Personal information
- Date of birth: April 10, 1984 (age 42)
- Place of birth: Lesquin, France
- Height: 1.84 m (6 ft 1⁄2 in)
- Position: Defender

Senior career*
- Years: Team / Apps / (Gls)
- 2003–2007: Lille / 5 / (0)
- 2006–2007: → Dijon (loan) / 6 / (1)
- 2007–2012: Dijon / 102 / (4)
- 2012–2013: Fréjus / 10 / (0)
- 2013–: Fréjus II

= Alexis Zywiecki =

French footballer (born 1984)

Alexis Zywiecki (born April 10, 1984) is a French professional football player.

==Club career==
Zywiecki began his career in the youth ranks of Lille. In 2006 the French defender left Lille and signed with Dijon, where he became a fixture for the club.

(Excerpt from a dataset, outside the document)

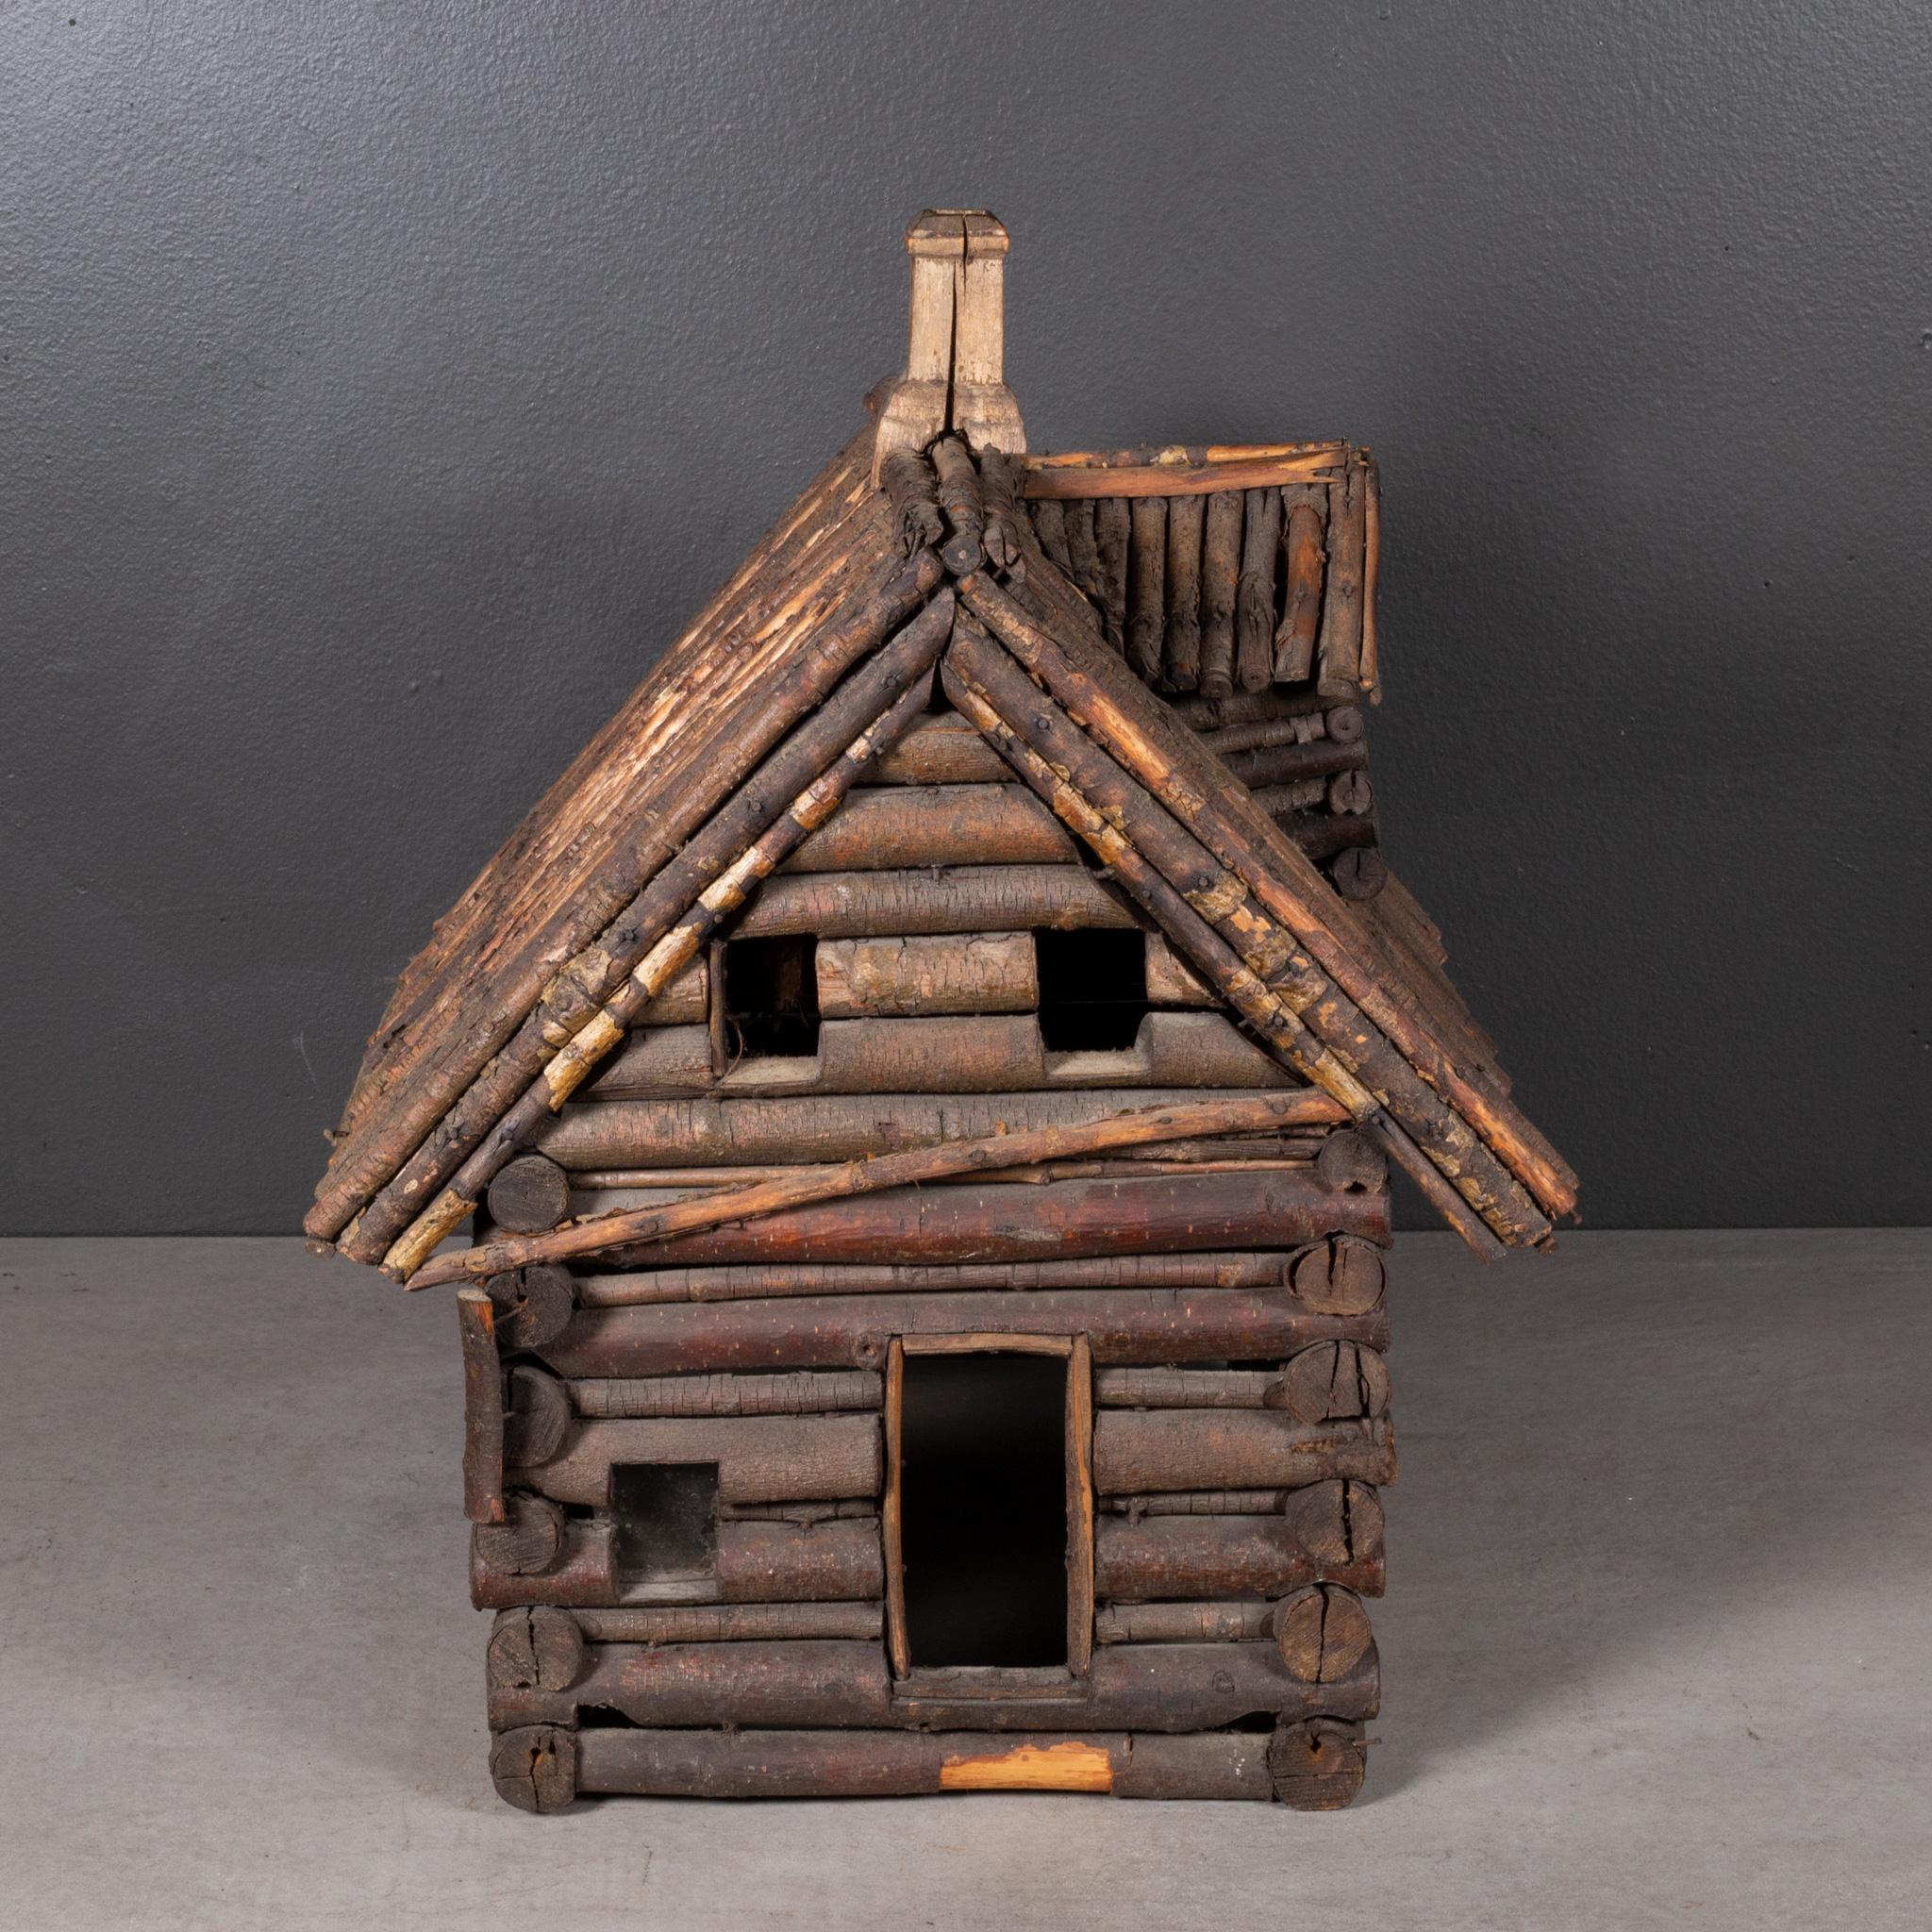 Wood Early 20th c. Folk Art Log Cabin Model c.1900-1940 (FREE SHIPPING) For Sale

In his first season with Dijon he appeared in 6 league matches and scored his first professional goal. During the 2007/08 season Zywiecki cemented his place as a starter and appeared in 29 matches and scored 2 goals. During the 2010/11 season Zywiecki appeared in 24 league matches as he helped Dijon gain promotion to Ligue 1.

In November 2011, Zywiecki moved to Championnat National side Étoile Fréjus Saint-Raphaël.